Most chip makers agree, Moore’s law fizzled out. Or is in the process of fizzling out. The cost curve turned out to go exponentially upward on dies below 4nm. There’s slow progress but it looks like the next big breakthrough would have to be via quantum physics.
This is why the marketing and engineering switched from faster processors to multiple core processors. Clock speed isn’t King anymore. Now it’s cores, cores, cores!
You also have the very real economic problem of power sources. That’s why much of the compute power did a 180 and went back to the mainframe model in many ways, with virtualization.
Or to put it another way, to do what you’re envisioning you either cram a supercomputer in a car, or you REALLY trust its link back to the big computer in the sky... neither of which is a trivial problem, considering I live where cell coverage dies three times on the way into the city and it’s probably the most robust RF data network anyone has yet built.

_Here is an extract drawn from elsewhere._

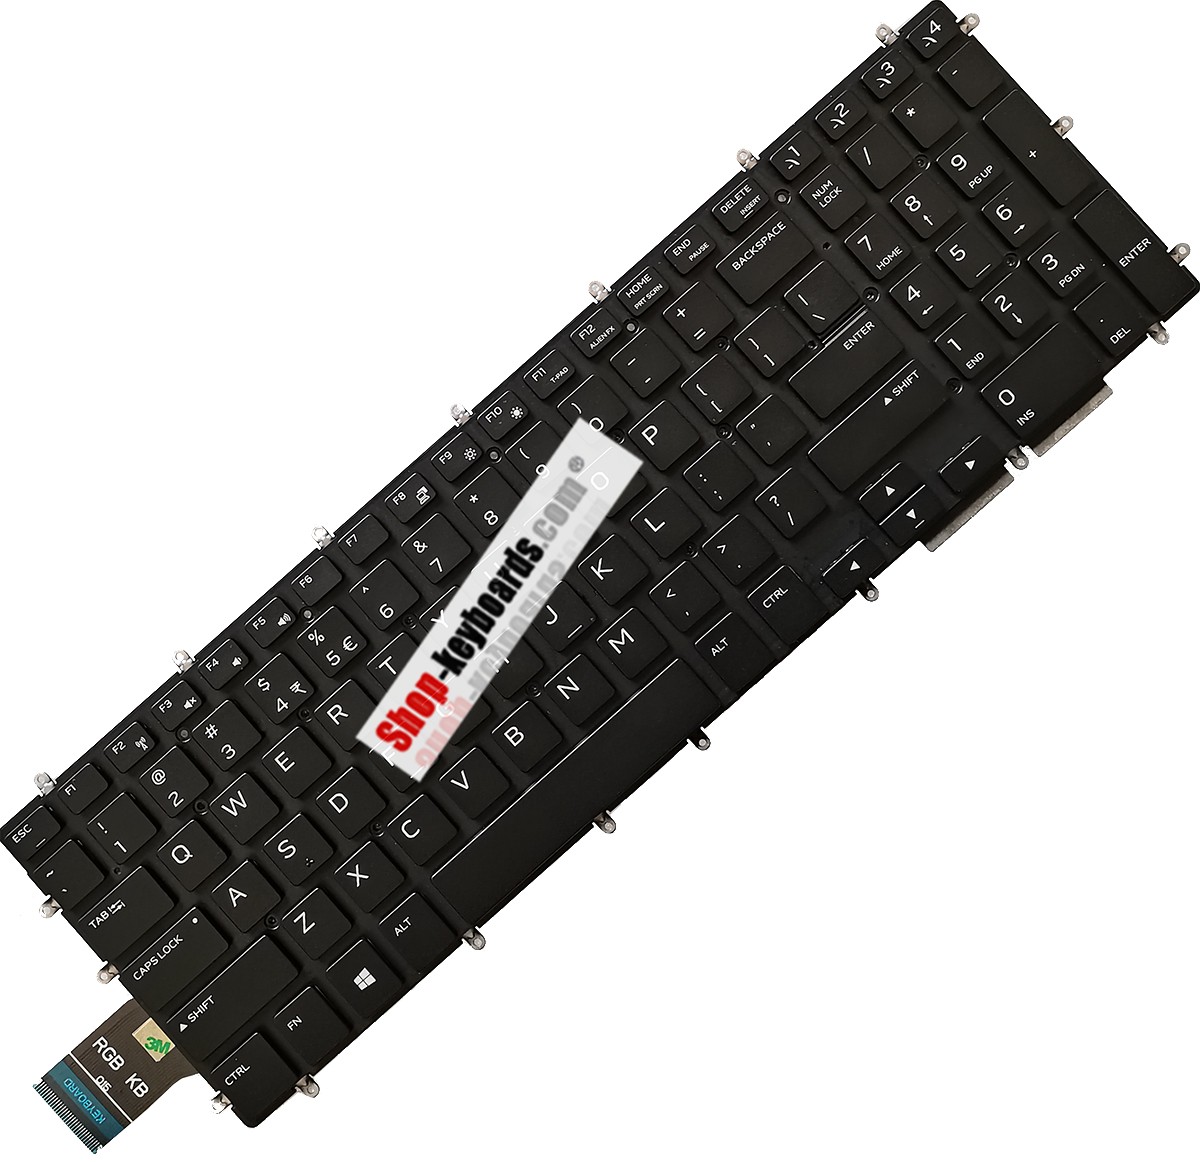 Dell AWM15-7264SLV-PUS Keyboard replacement

It’s probably a lot cheaper, resources wise, to just utilize the full potential custom designed computer in-between one’s ears, the augment it with smaller computers in the car that help make up for its known shortcomings.
Downside is, if the assistance is too good, it triggers one of the human brain’s shortcomings anyway. Inattention. We see it in highly automated aircraft, and we saw it in the Tesla driver’s death.
But for whatever reason, demanding folks actually use the darn thing they’re blessed with, and then TESTING that they know how to use it, in cars anyway, is taboo.
That taboo-ness leads to the idea that self-driving cars are “better” because there’s so many wrecks.
The chess story is a great example. How many people don’t bother to play or learn chess because “the computer can always beat me anyway” even in low level chess games.
Society would get a lot more bang for the buck out of mandatory driver testing and training, but we won’t do it. Because that same brain brings emotional garbage along with it and thinks that would be “mean”.
If we treated airplanes like cars we’d just put someone in an airplane with their parents for 16 years and then six months of scaring the hell out of their parents who aren’t licensed as instructors and then cut them loose in the sky and say, “If they want professional instruction, it’s available...”
Yeah the new driver thing is changing a little bit, but they still log a lot of time with non-instructors who may or may not teach them correctly.
We even have dumb car commercials about it. Montages of dad or mom teaching the spawn and close calls and whew moments and then it’s time for the spawn to drive away in the “all-new Whizzbang 6000 with driver safety features”! Or with Giant Insurance Company Twenty “protecting” them. LOL.
Nobody seems to notice an hour on a skid pad with a real instructor would do them all more good than either product being marketed.